**To do**: Restate verbatim the span of lines below between the line with "Una cámara desechable" and the line with "Do you enjoy", including those two lines, and only that span.

**Available data**:

---+---

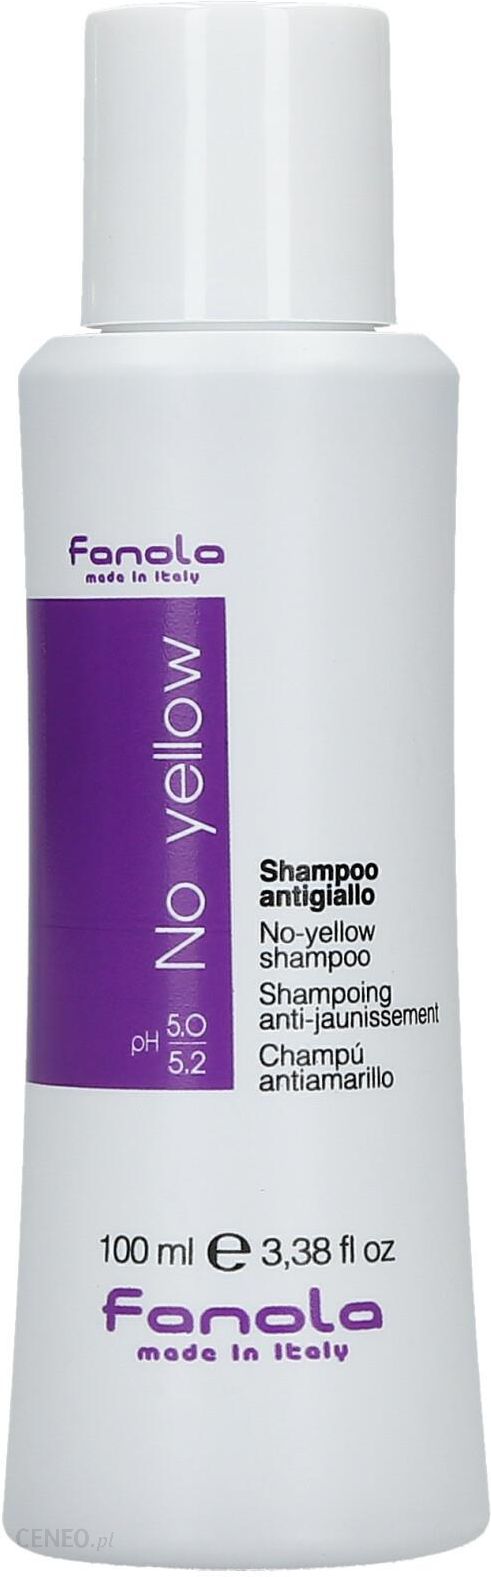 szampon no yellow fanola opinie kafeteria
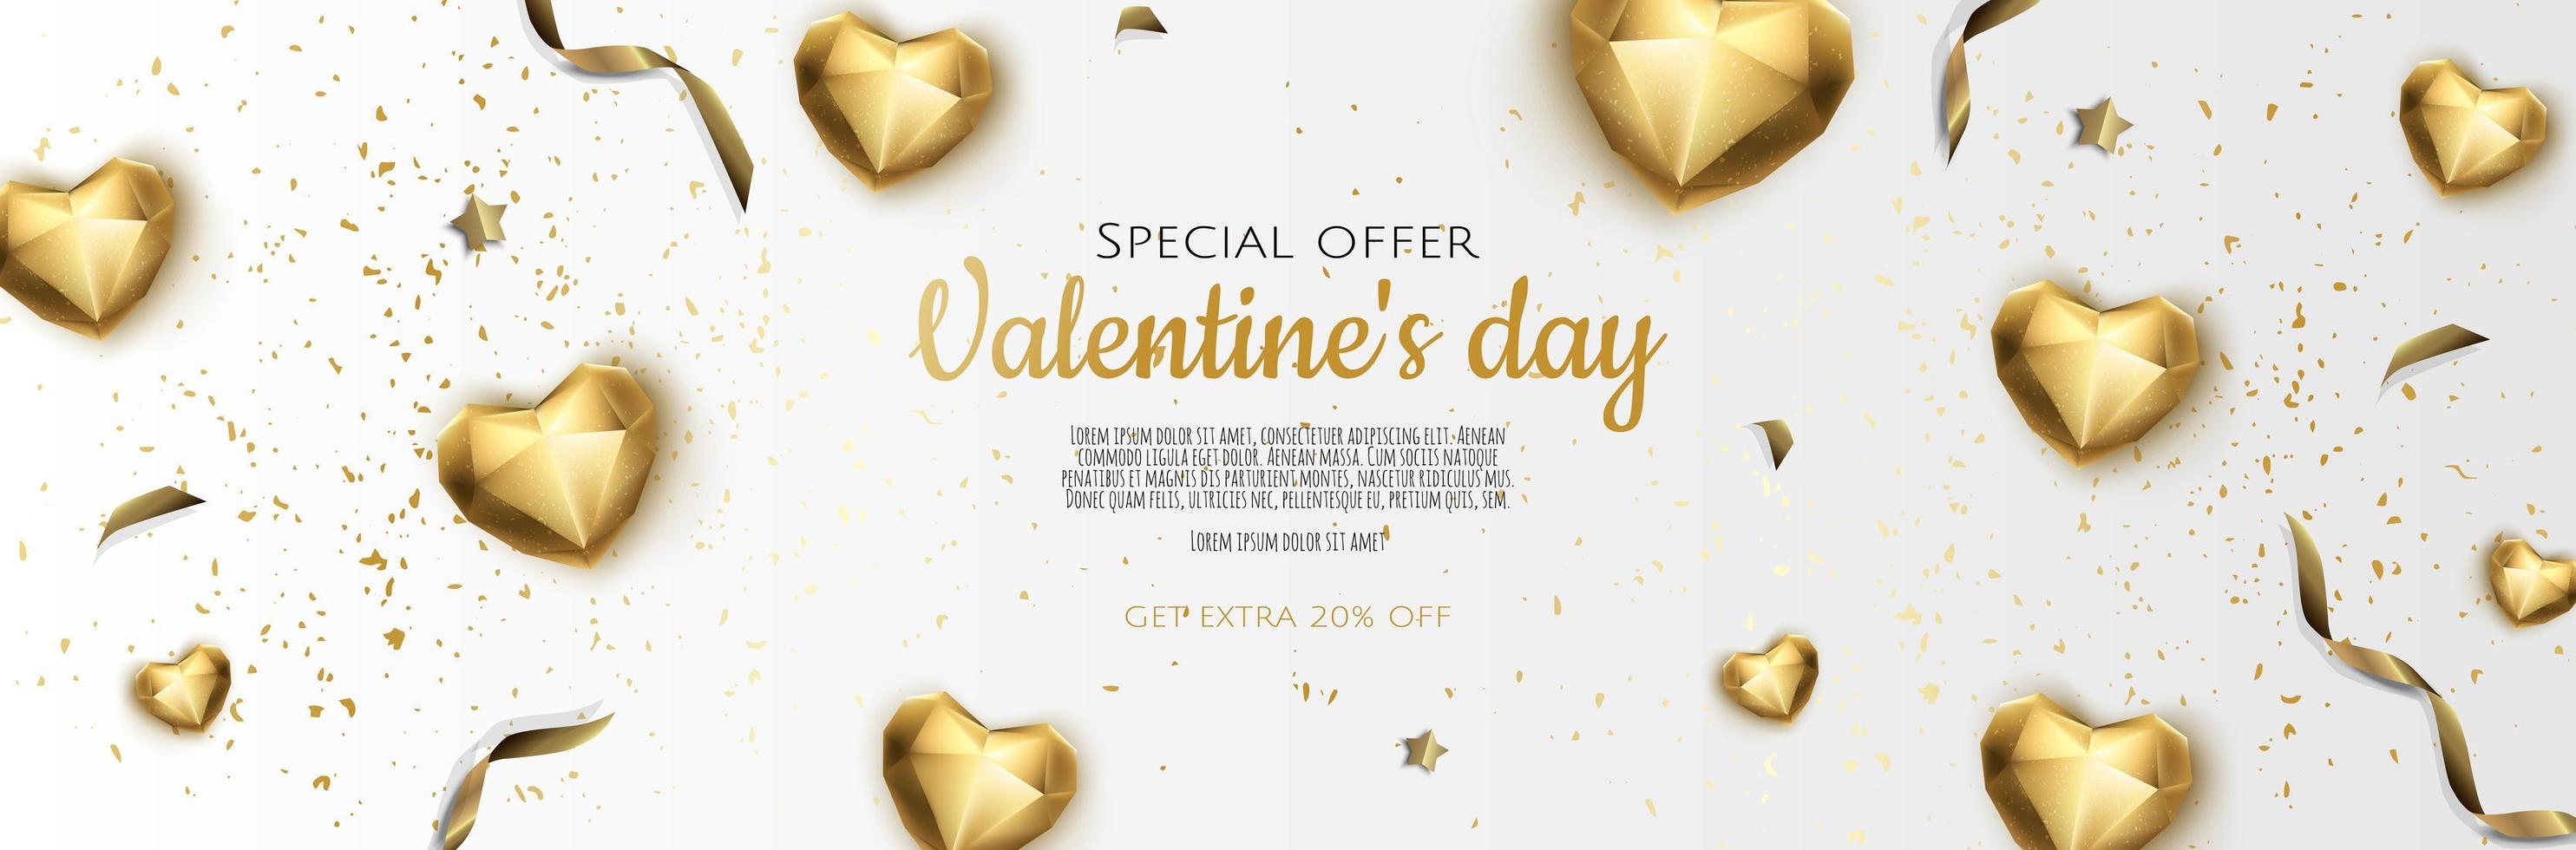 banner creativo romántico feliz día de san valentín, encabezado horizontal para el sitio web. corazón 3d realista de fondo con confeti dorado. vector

---+---

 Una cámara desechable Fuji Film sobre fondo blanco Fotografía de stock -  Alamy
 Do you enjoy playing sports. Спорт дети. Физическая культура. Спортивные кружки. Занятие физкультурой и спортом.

---+---

**Result of this task**:
 Una cámara desechable Fuji Film sobre fondo blanco Fotografía de stock -  Alamy
 Do you enjoy playing sports. Спорт дети. Физическая культура. Спортивные кружки. Занятие физкультурой и спортом.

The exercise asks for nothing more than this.